▶ _Your task_
All lines from the one holding "Adaptive Analysis" to the end of the listing are to be output exactly, both ends included, with any pictures left out.
BEGIN Collected material
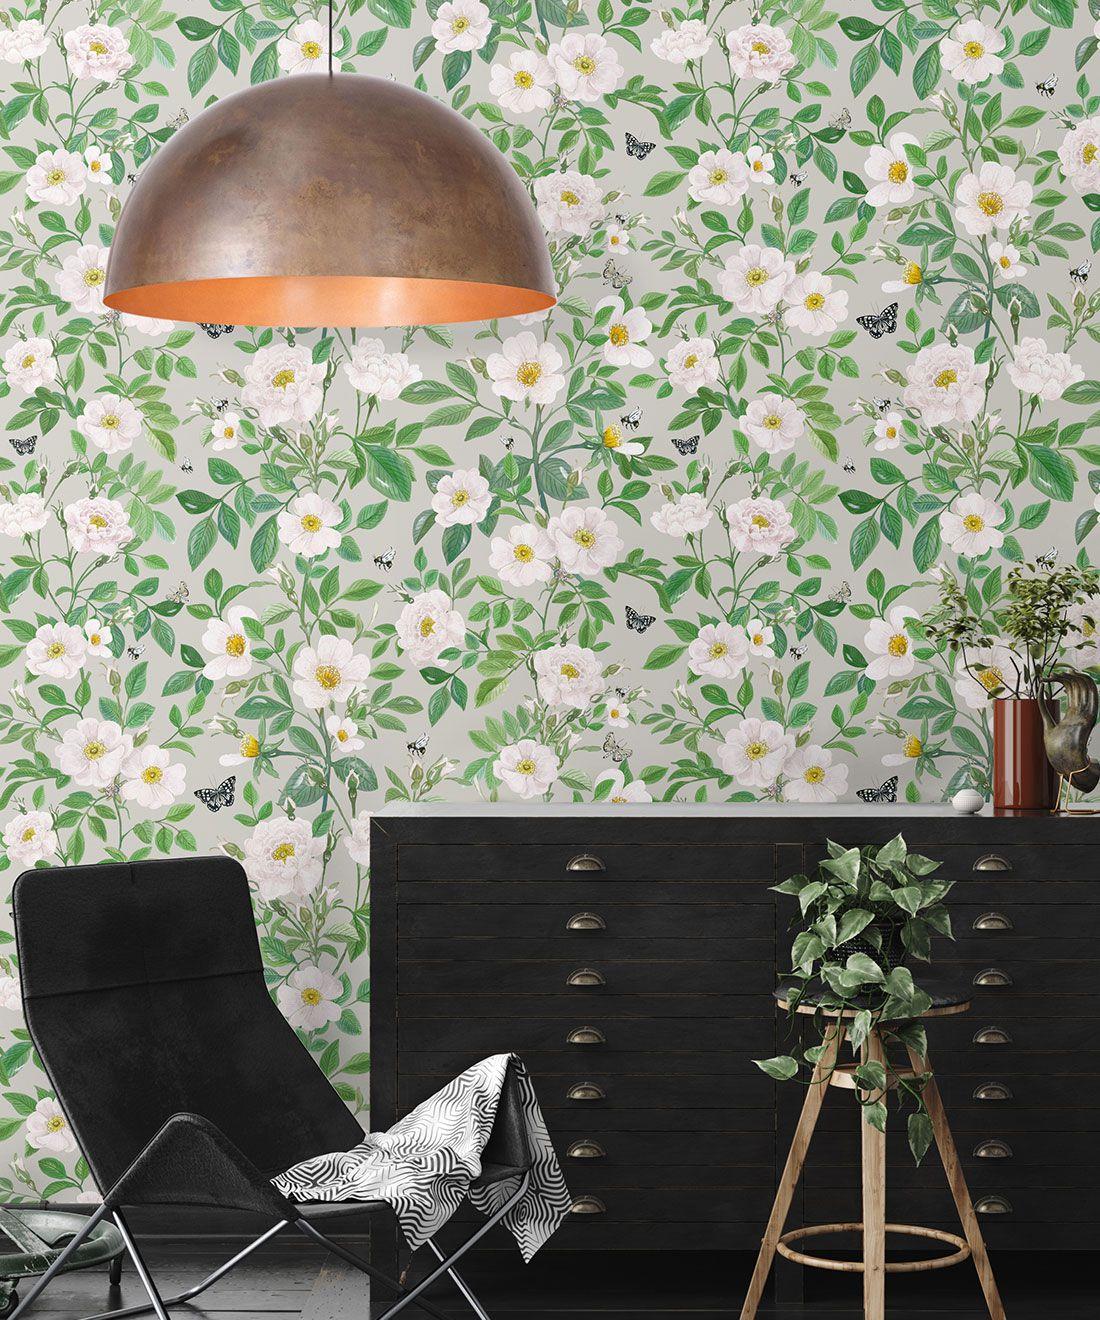 Rosa Wallpaper • Floral Wallpaper • Beige • Insitu
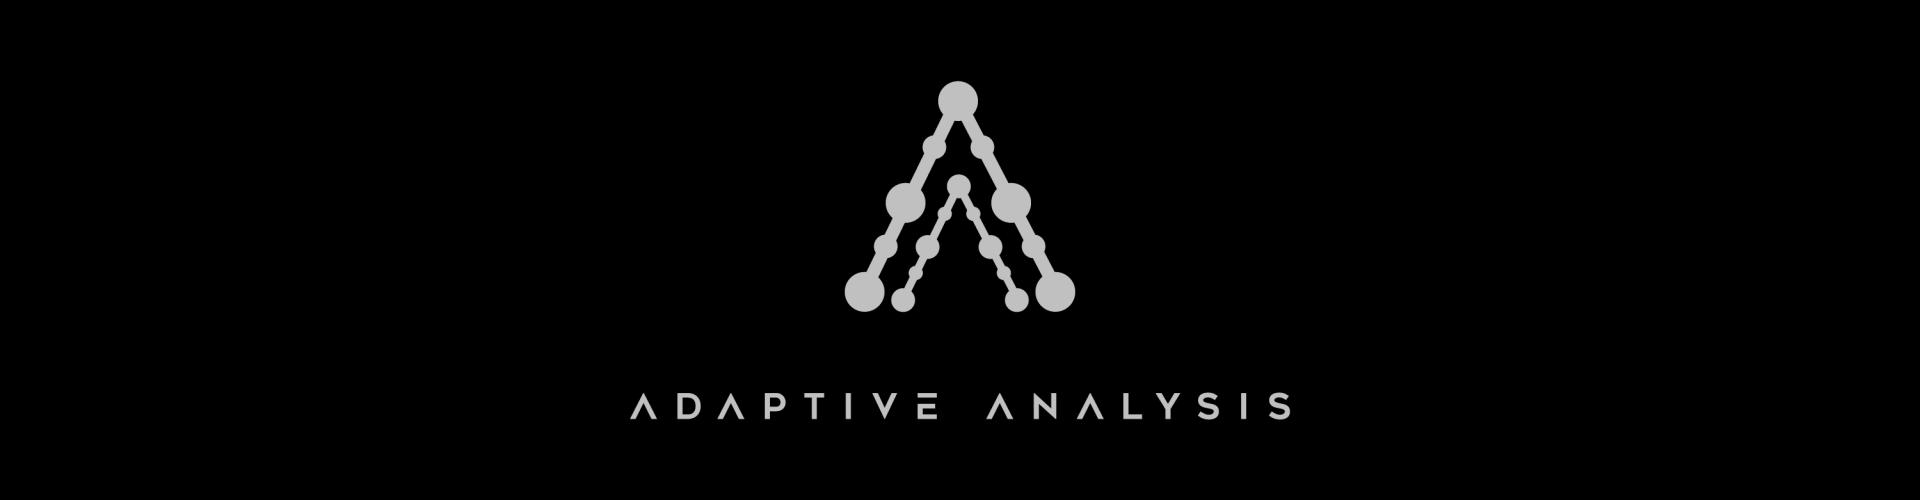 Adaptive Analysis
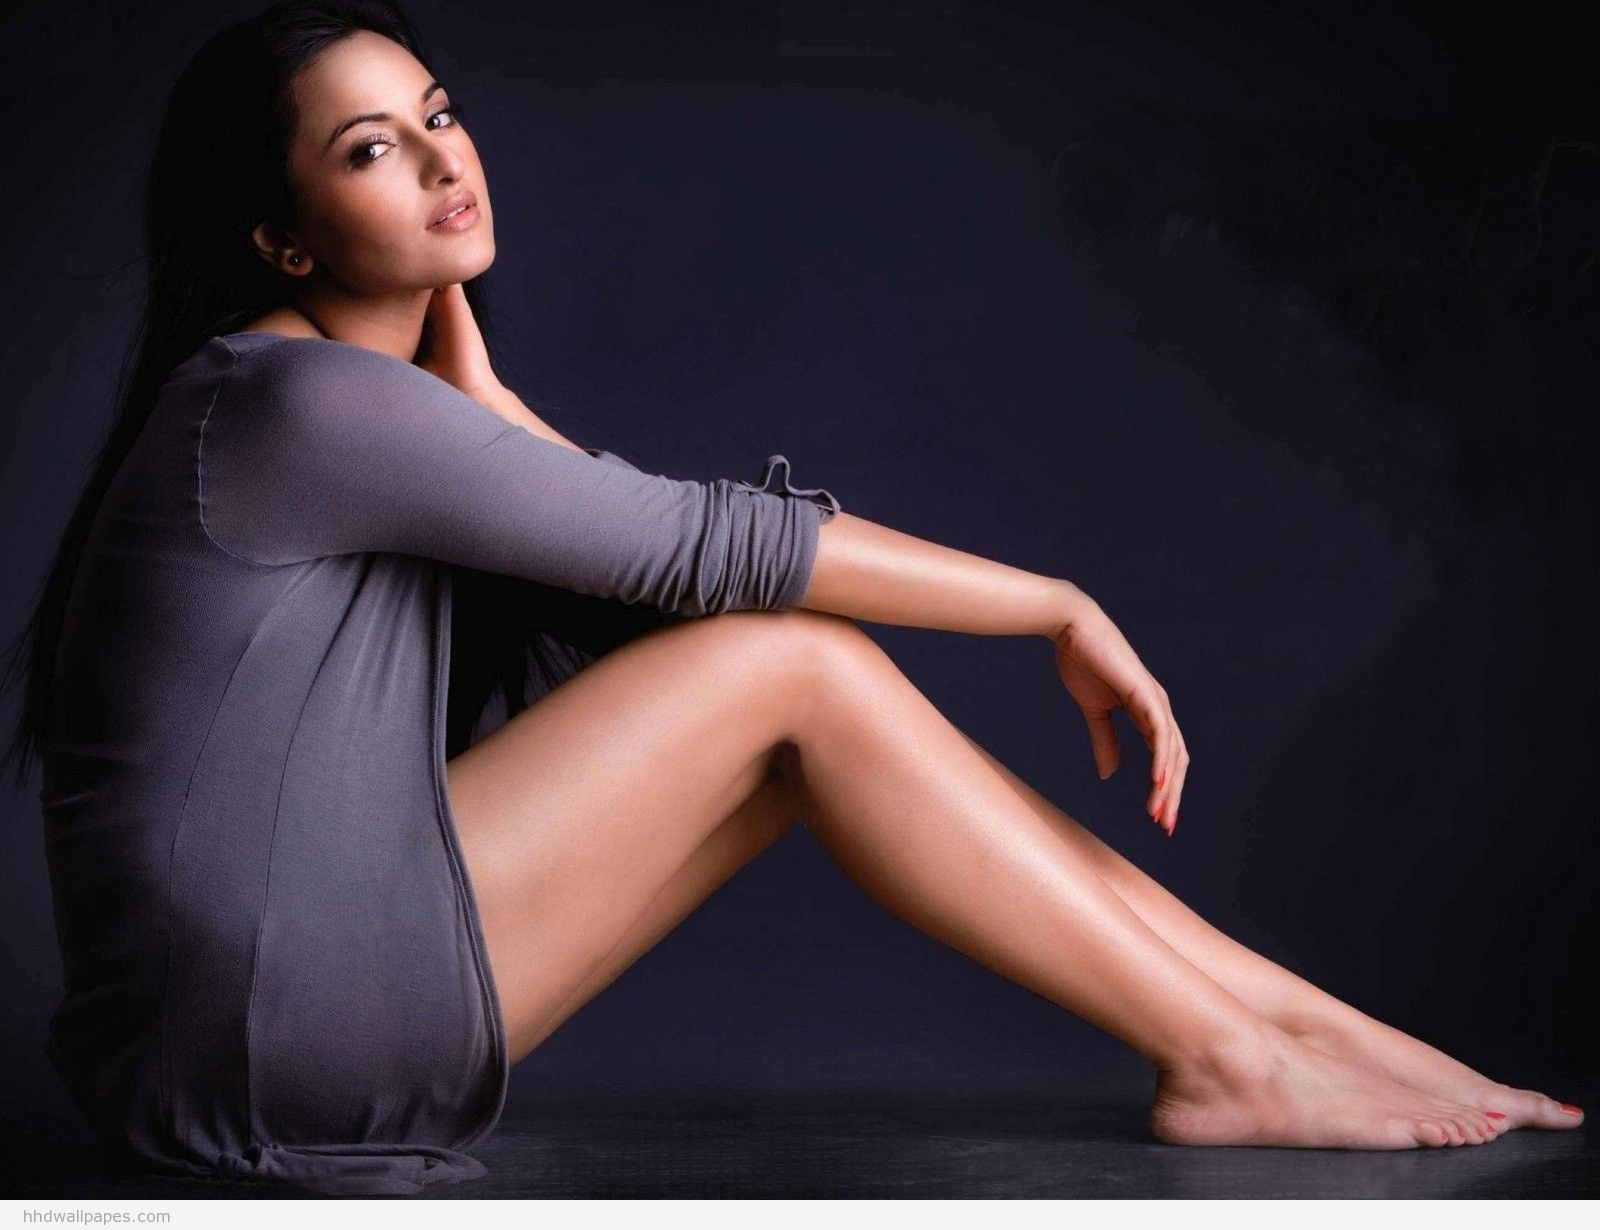 Sonakshi Sinha Hot  Sexy Hd Wallpaper  Images  Hd -8351
END Collected material
▶ _Response_
 Adaptive Analysis
 Sonakshi Sinha Hot  Sexy Hd Wallpaper  Images  Hd -8351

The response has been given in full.